This is the simplest method for submitting your Sitemap, though you'll need to ensure that search engines at least occasionally visit your site for this to work. If your site has never been visited by a search engine either because it is new or you're just having trouble getting the word out, then you should use the Direct Search Engine Submission method, below.

Add the following line to your robots.txt file, if you already have one, or create a new one with this line.
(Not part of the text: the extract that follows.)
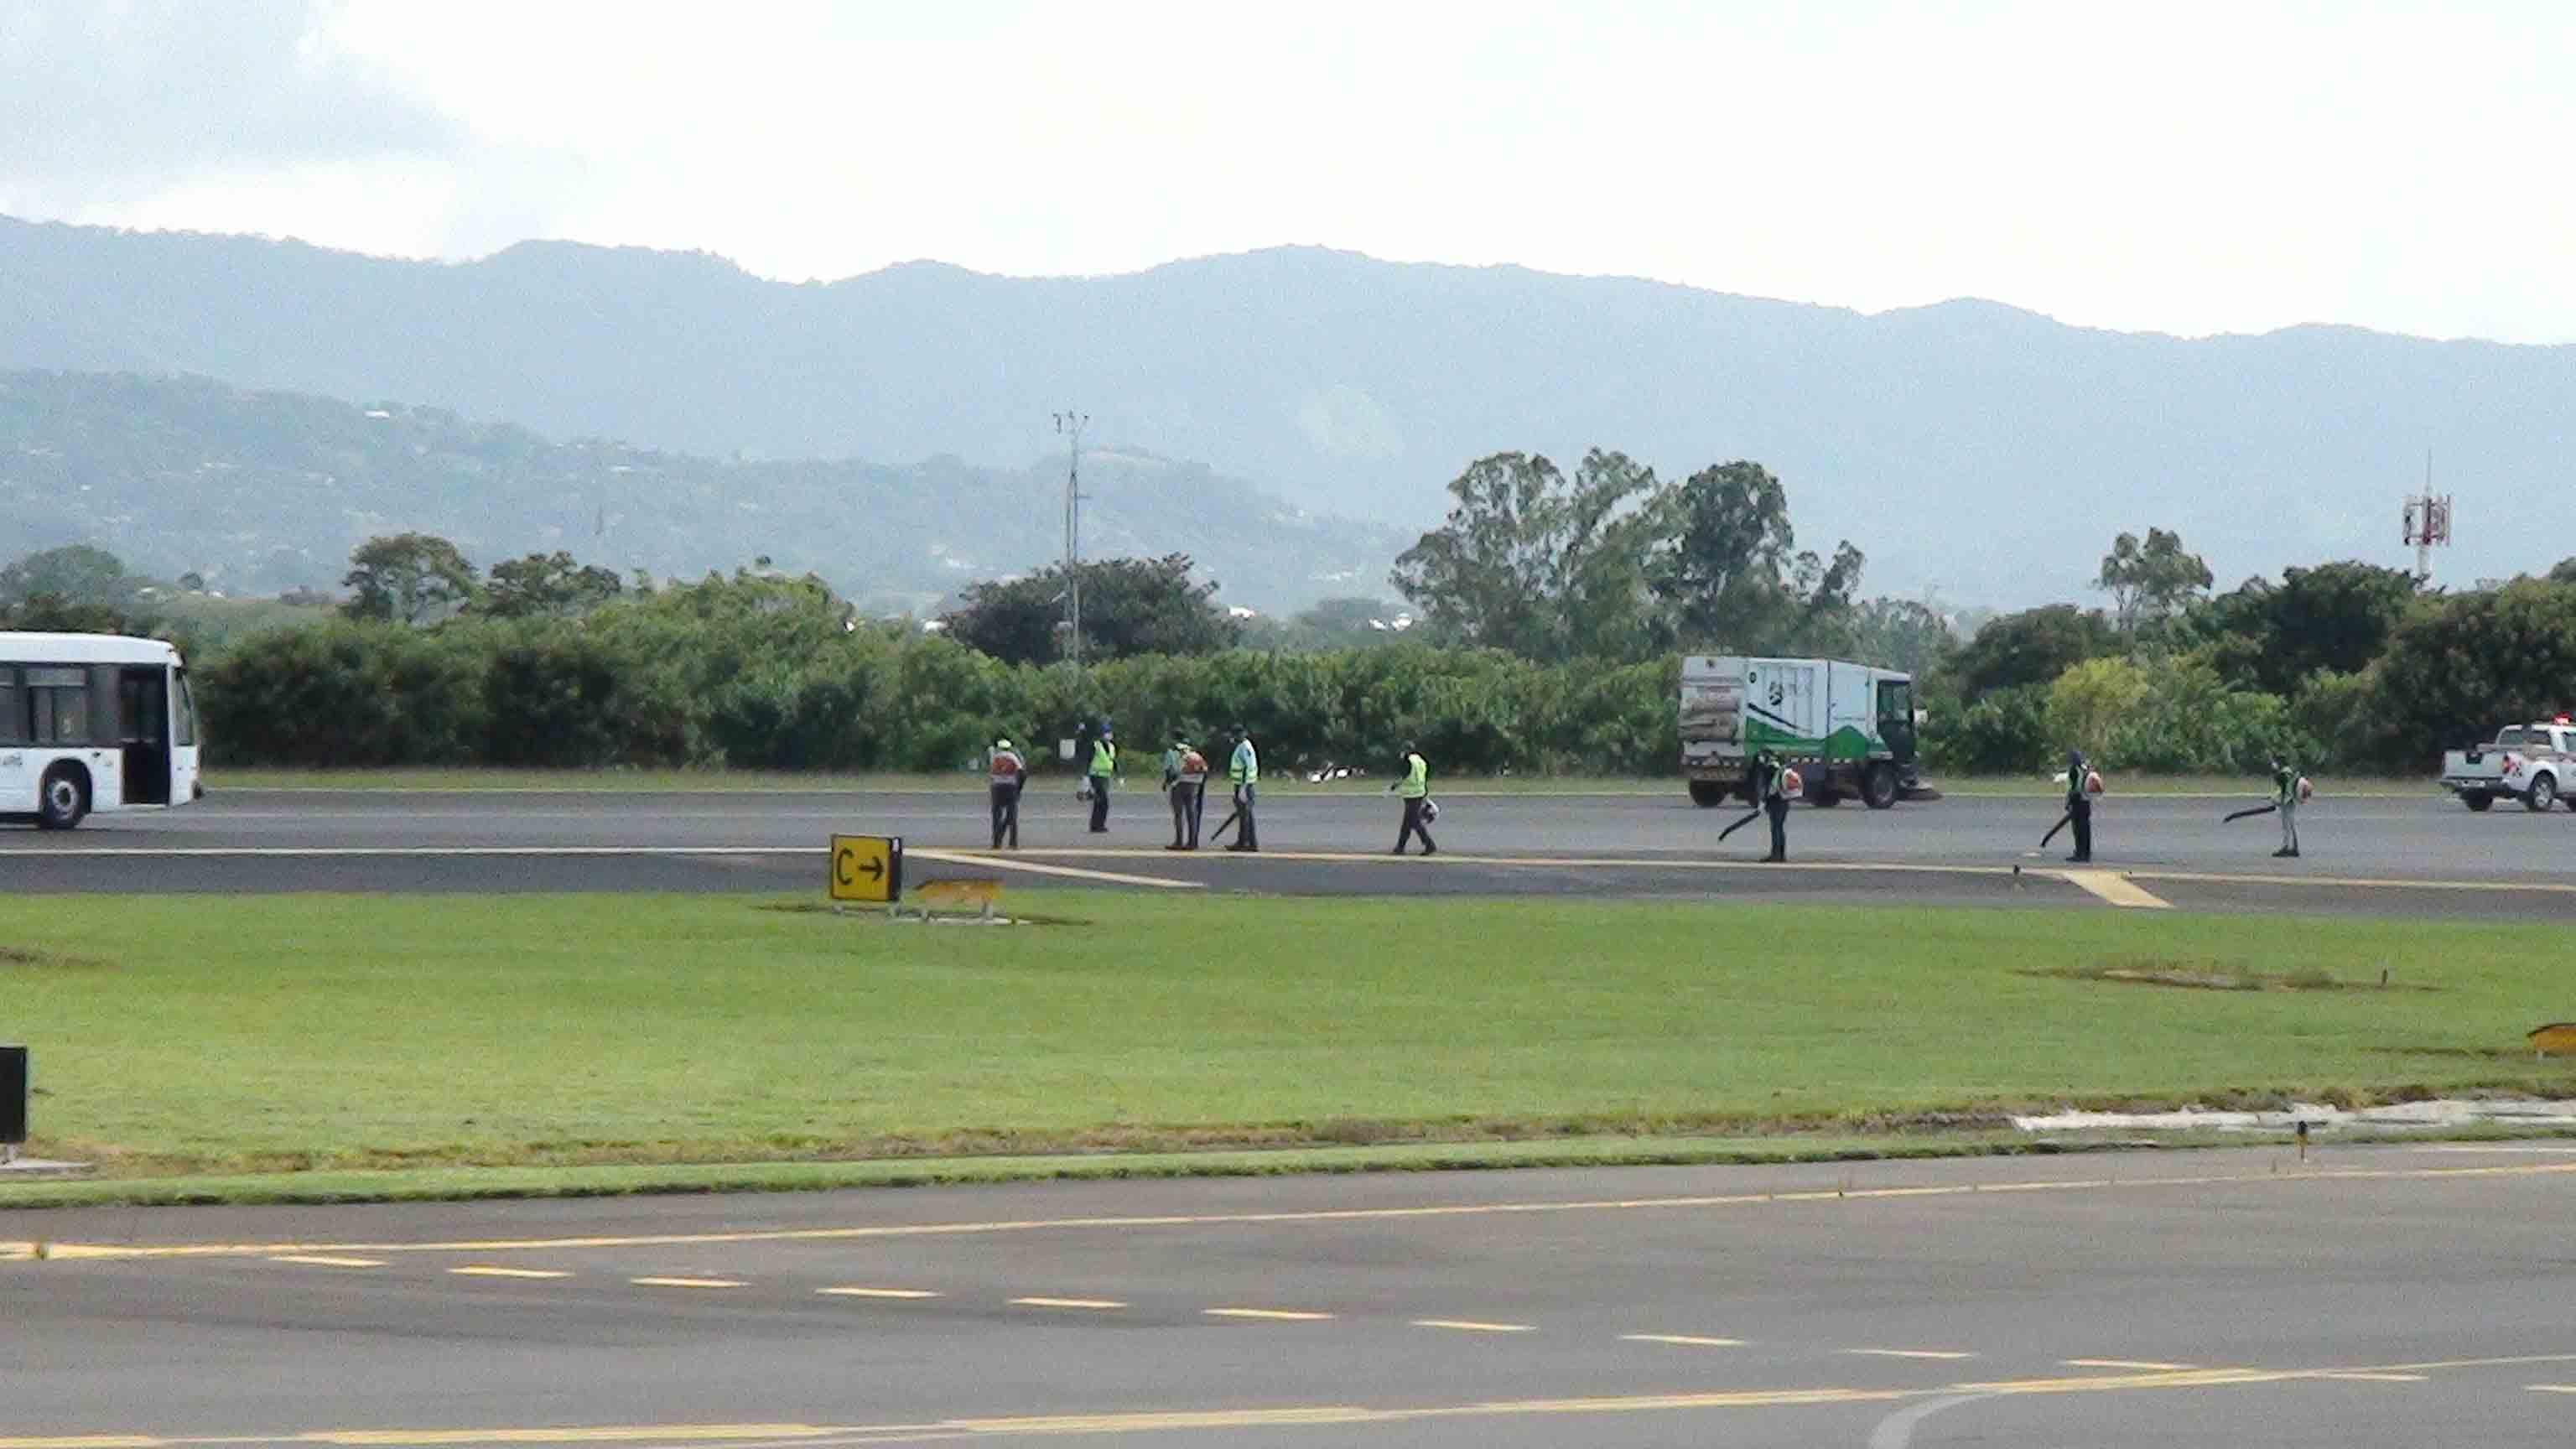 operaciones-limpieza-aterrizaje-aeropuerto-protocolo_lncima20160919_0104_1

Sitemap: http://yoursite.com/sitemap.xml

The next time the search engine comes crawling through your site, it will automatically pick up the Sitemap!

HTTP Request

You can submit a Sitemap or Sitemap update by typing in the following directly. Note that some sites may require you to already have an account with them in order to accept input and you should, of course, replace "yoursite.com" with your domain name.

  • Bing: http://www.bing.com/webmaster/ping.aspx?siteMap=yoursite.com/sitemap.xml
  • Ask.com http://submissions.ask.com/ping?sitemap=http://yoursite.com/sitemap.xml
  • Google: http://www.google.com/webmasters/tools/ping?sitemap=http://yoursite.com/sitemap.xml
  • Yahoo: http://search.yahooapis.com/SiteExplorerService/V1/updateNotification?appid=YahooDemo&url=http://yoursite.com/sitemap.xml (change YahooDemo to your App ID)

Direct Search Engine Submission

This is the most time-intensive method of submission as you must go to each search engine individually. You don't necessarily need to do this! Most major search engines will automatically read your robots.txt file to find your Sitemap file.2

  • Google: If you haven't already, create a Google Webmaster Tools Account. Submission through this interface is simple.
  • Yahoo!: Pretty much the same as submitting a site through Google, create an account with the Yahoo Site Explorer.
  • Bing: To submit through Bing you'll need to create an MSN account, if you don't have one, and then submit through the Bing Webmaster Center. Make sure to add the MSN verification meta tag to your site.
  • Ask.com You don't need an account to submit to Ask.com, just type in the following in the address bar: http://submissions.ask.com/ping?sitemap=http%3A//www.yoursite.com/sitemap.xml (where yoursite.com is your domain name).

Sitemap Limits

An individual sitemap file may contain, at most, 50,000 URLs and have a size of 10MB or less. If your site contains more than this, you'll need to use multiple Sitemap files. As this tutorial is for beginners, I am not covering this concept.

Concepts Not Covered

I have not covered the following concepts in this tutorial. If you are interested in pursuing your study further, you may wish to visit the Sitemaps.org Protocol Page.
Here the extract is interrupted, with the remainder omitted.